Since strp_data_ready() may be invoked from softirq context, and
ovpn_socket_release() may sleep, the above sequence may cause a
sleep in atomic context like the following:

    BUG: sleeping function called from invalid context at ./ovpn-backports-ovpn-net-next-main-6.15.0-rc5-20250522/drivers/net/ovpn/socket.c:71
    in_atomic(): 1, irqs_disabled(): 0, non_block: 0, pid: 25, name: ksoftirqd/3
    5 locks held by ksoftirqd/3/25:
     #0: ffffffe000cd0580 (rcu_read_lock){....}-{1:2}, at: netif_receive_skb+0xb8/0x5b0
     OpenVPN/ovpn-backports#1: ffffffe000cd0580 (rcu_read_lock){....}-{1:2}, at: netif_receive_skb+0xb8/0x5b0
     OpenVPN/ovpn-backports#2: ffffffe000cd0580 (rcu_read_lock){....}-{1:2}, at: ip_local_deliver_finish+0x66/0x1e0
     OpenVPN/ovpn-backports#3: ffffffe003ce9818 (slock-AF_INET/1){+.-.}-{2:2}, at: tcp_v4_rcv+0x156e/0x17a0
     OpenVPN/ovpn-backports#4: ffffffe000cd0580 (rcu_read_lock){....}-{1:2}, at: ovpn_tcp_data_ready+0x0/0x1b0 [ovpn]
    CPU: 3 PID: 25 Comm: ksoftirqd/3 Not tainted 5.10.104+ #0
    Call Trace:
    walk_stackframe+0x0/0x1d0
    show_stack+0x2e/0x44
    dump_stack+0xc2/0x102
    ___might_sleep+0x29c/0x2b0
    __might_sleep+0x62/0xa0
    ovpn_socket_release+0x24/0x2d0 [ovpn]
    unlock_ovpn+0x6e/0x190 [ovpn]
    ovpn_peer_del+0x13c/0x390 [ovpn]
    ovpn_tcp_rcv+0x280/0x560 [ovpn]
    __strp_recv+0x262/0x940
    strp_recv+0x66/0x80
    tcp_read_sock+0x122/0x410
    strp_data_ready+0x156/0x1f0
    ovpn_tcp_data_ready+0x92/0x1b0 [ovpn]
    tcp_data_ready+0x6c/0x150
    tcp_rcv_established+0xb36/0xc50
    tcp_v4_do_rcv+0x25e/0x380
    tcp_v4_rcv+0x166a/0x17a0
    ip_protocol_deliver_rcu+0x8c/0x250
    ip_local_deliver_finish+0xf8/0x1e0
    ip_local_deliver+0xc2/0x2d0
    ip_rcv+0x1f2/0x330
    __netif_receive_skb+0xfc/0x290
    netif_receive_skb+0x104/0x5b0
    br_pass_frame_up+0x190/0x3f0
    br_handle_frame_finish+0x3e2/0x7a0
    br_handle_frame+0x750/0xab0
    __netif_receive_skb_core.constprop.0+0x4c0/0x17f0
    __netif_receive_skb+0xc6/0x290
    netif_receive_skb+0x104/0x5b0
    xgmac_dma_rx+0x962/0xb40
    __napi_poll.constprop.0+0x5a/0x350
    net_rx_action+0x1fe/0x4b0
    __do_softirq+0x1f8/0x85c
    run_ksoftirqd+0x80/0xd0
    smpboot_thread_fn+0x1f0/0x3e0
    kthread+0x1e6/0x210
    ret_from_kernel_thread+0x8/0xc

Fix this issue by postponing the ovpn_peer_del() call to
a scheduled worker, as we already do in ovpn_tcp_send_sock()
for the very same reason.

Fixes: 11851cbd60 ("ovpn: implement TCP transport")

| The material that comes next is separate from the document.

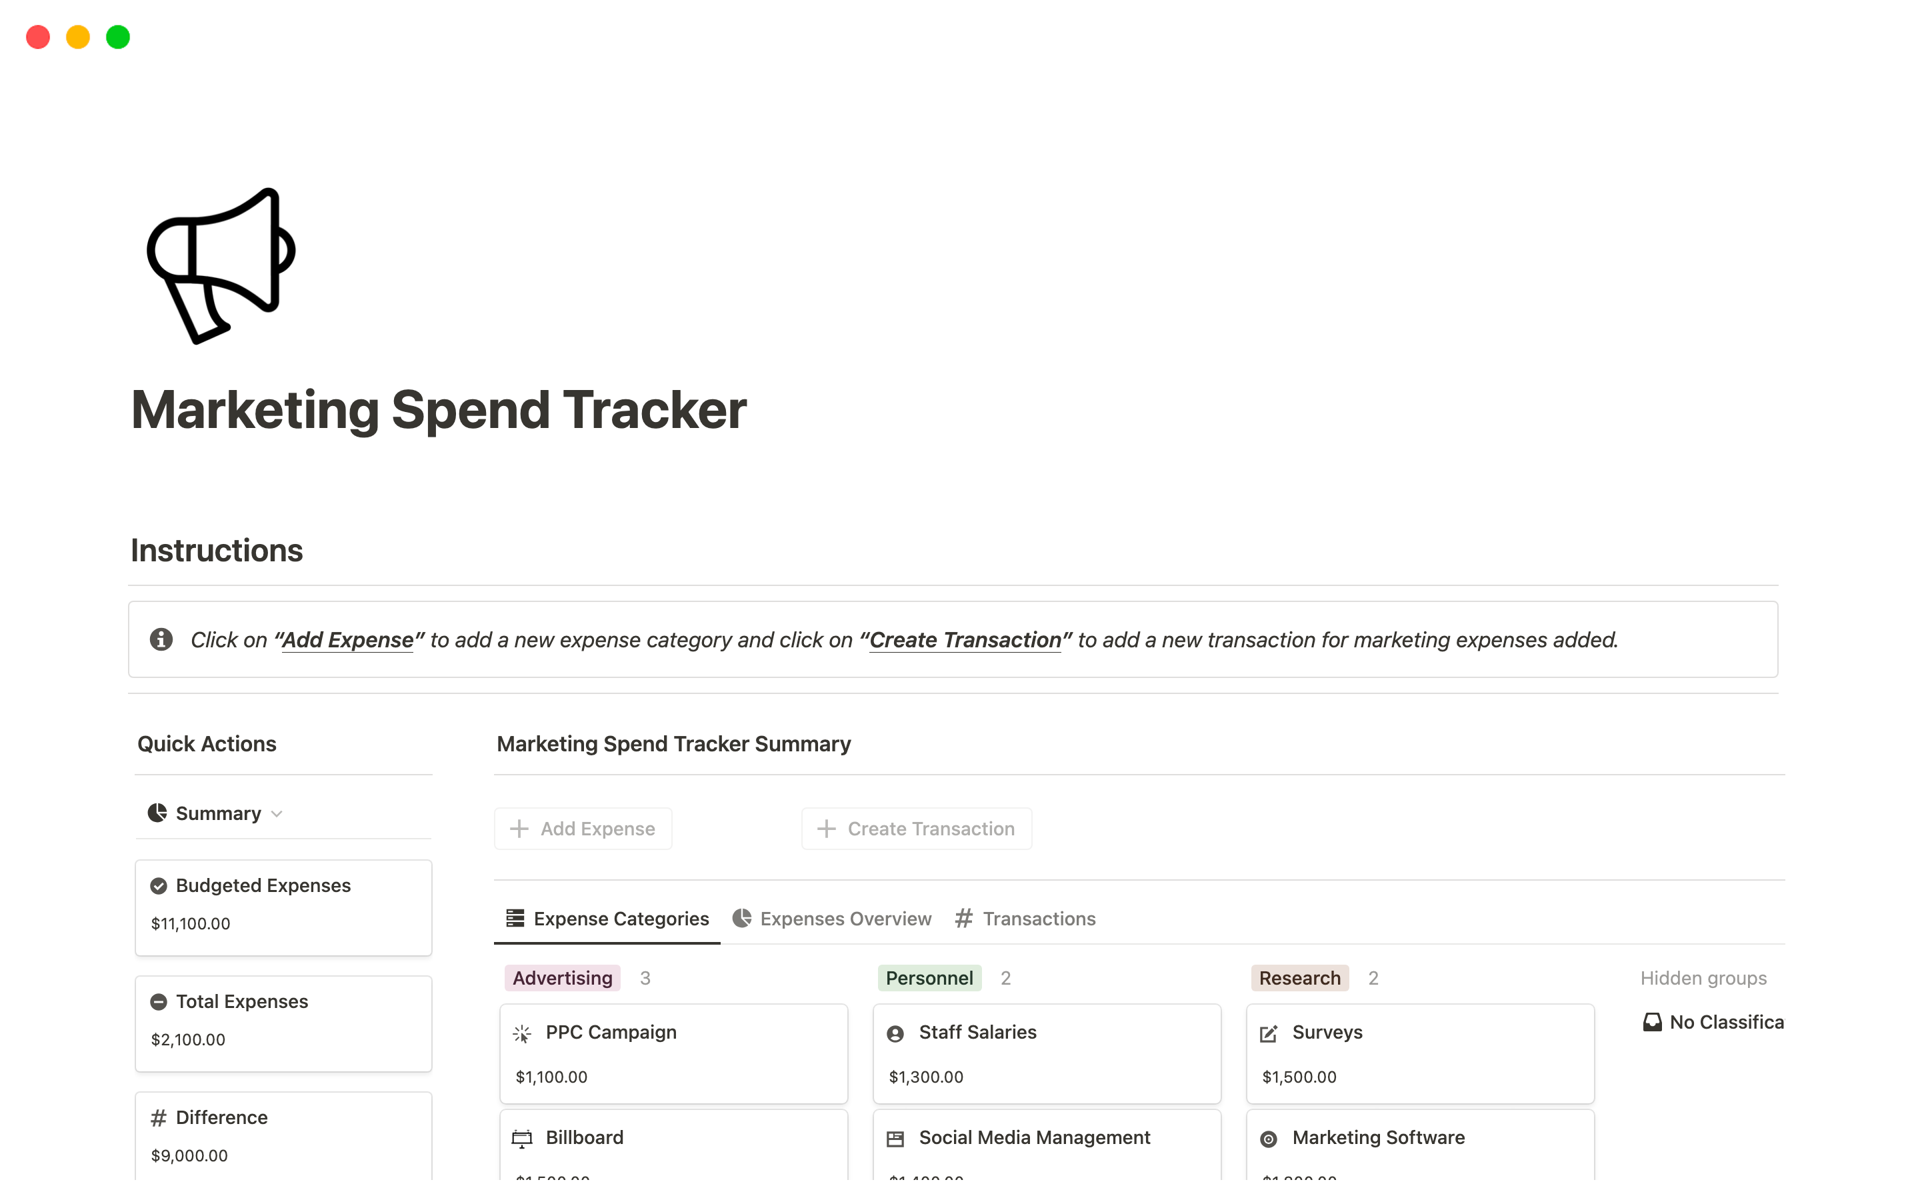 This template is suitable for recording and analyzing expenses related to marketing activities, making it easier for businesses to manage their marketing budgets.

Reported-by: Qingfang Deng <dqfext@gmail.com>
Closes: https://github.com/OpenVPN/ovpn-net-next/issues/13
Reviewed-by: Michal Swiatkowski <michal.swiatkowski@linux.intel.com>
Signed-off-by: Antonio Quartulli <antonio@openvpn.net>
2025-06-03 13:08:15 +02:00
Antonio Quartulli
ba499a07ce ovpn: ensure sk is still valid during cleanup
Removing a peer while userspace attempts to close its transport
socket triggers a race condition resulting in the following
crash:

Oops: general protection fault, probably for non-canonical address 0xdffffc0000000077: 0000 [#1] SMP KASAN
KASAN: null-ptr-deref in range [0x00000000000003b8-0x00000000000003bf]

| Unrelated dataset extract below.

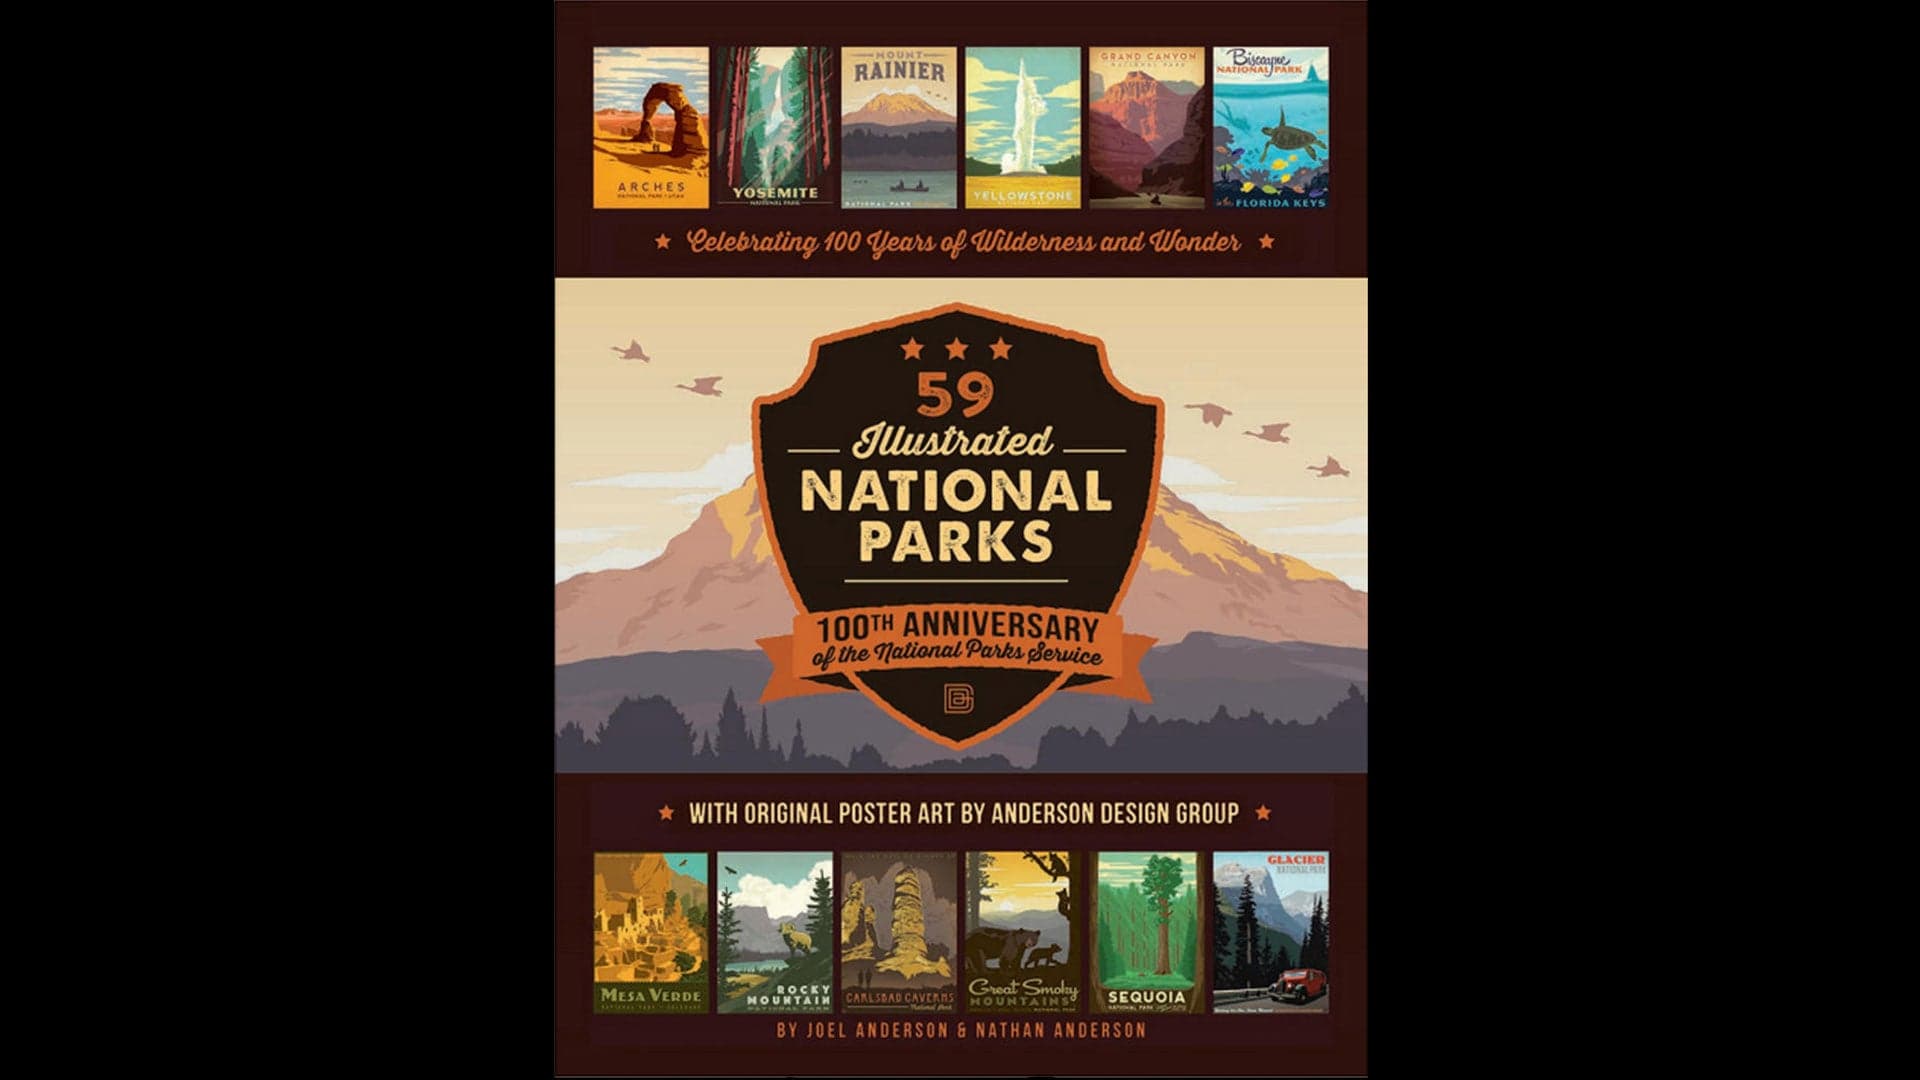 59 Illustrated National Parks is Road Trip Inspiration

CPU: 12 UID: 0 PID: 162 Comm: kworker/12:1 Tainted: G           O        6.15.0-rc2-00635-g521139ac3840 #272 PREEMPT(full)
Tainted: [O]=OOT_MODULE
Hardware name: QEMU Standard PC (Q35 + ICH9, 2009), BIOS 1.16.3-20240910_120124-localhost 04/01/2014
Workqueue: events ovpn_peer_keepalive_work [ovpn]

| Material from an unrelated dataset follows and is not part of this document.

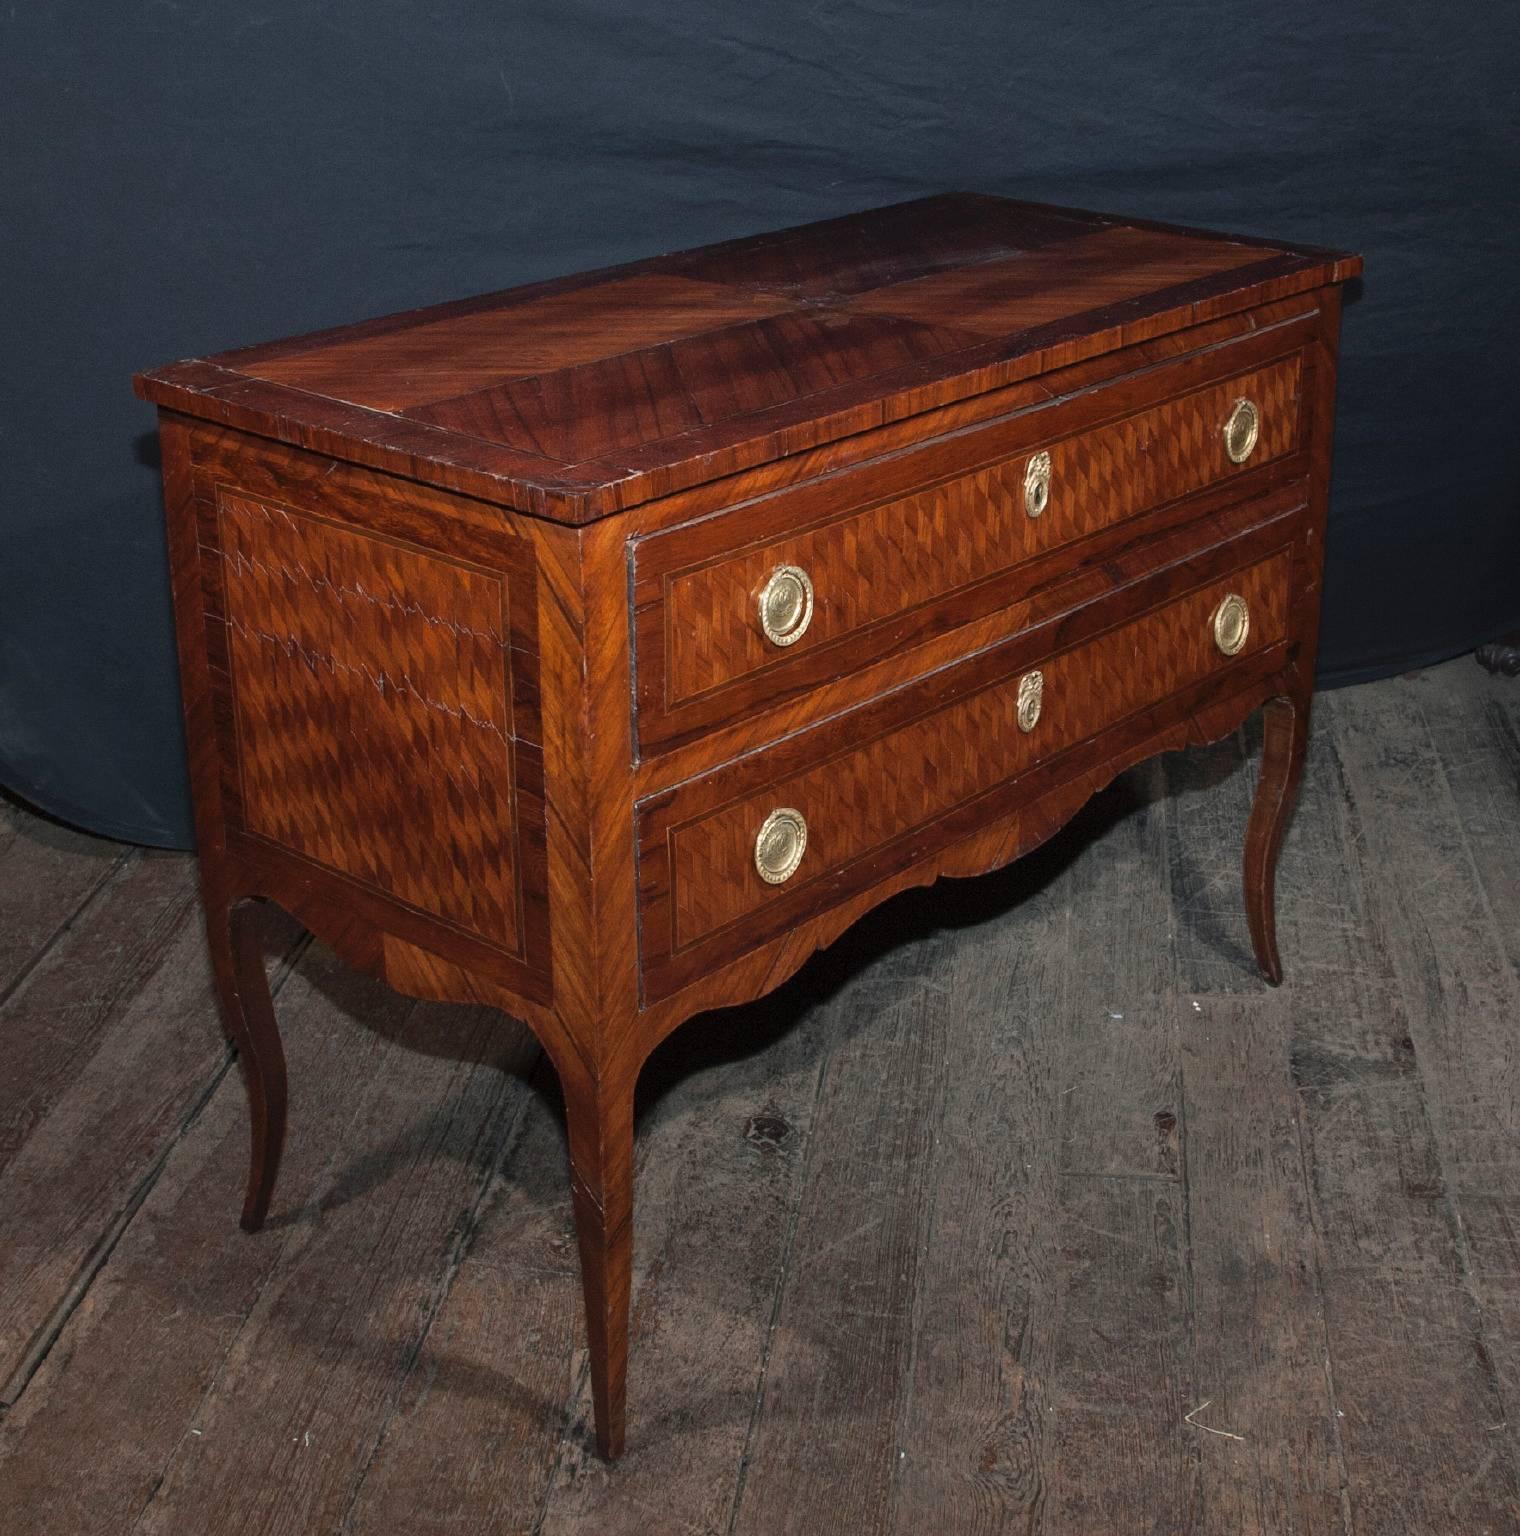 This chest is a two-drawer marquetry chest made in 19th century, France. The marquetry work on this chest is truly magnificent. Additionally, the hardware on the chest features naval ships in the center.

RIP: 0010:ovpn_socket_release+0x23c/0x500 [ovpn]
Code: ea 03 80 3c 02 00 0f 85 71 02 00 00 48 b8 00 00 00 00 00 fc ff df 4d 8b 64 24 18 49 8d bc 24 be 03 00 00 48 89 fa 48 c1 ea 03 <0f> b6 14 02 48 89 f8 83 e0 07 83 c0 01 38 d0 7c 08 84 d2 0f 85 30
RSP: 0018:ffffc90000c9fb18 EFLAGS: 00010217
RAX: dffffc0000000000 RBX: ffff8881148d7940 RCX: ffffffff817787bb
RDX: 0000000000000077 RSI: 0000000000000008 RDI: 00000000000003be
RBP: ffffc90000c9fb30 R08: 0000000000000000 R09: fffffbfff0d3e840
R10: ffffffff869f4207 R11: 0000000000000000 R12: 0000000000000000
R13: ffff888115eb9300 R14: ffffc90000c9fbc8 R15: 000000000000000c
FS:  0000000000000000(0000) GS:ffff8882b0151000(0000) knlGS:0000000000000000
CS:  0010 DS: 0000 ES: 0000 CR0: 0000000080050033
CR2: 00007f37266b6114 CR3: 00000000054a8000 CR4: 0000000000750ef0
PKRU: 55555554
Call Trace:
 <TASK>
 unlock_ovpn+0x8b/0xe0 [ovpn]
 ovpn_peer_keepalive_work+0xe3/0x540 [ovpn]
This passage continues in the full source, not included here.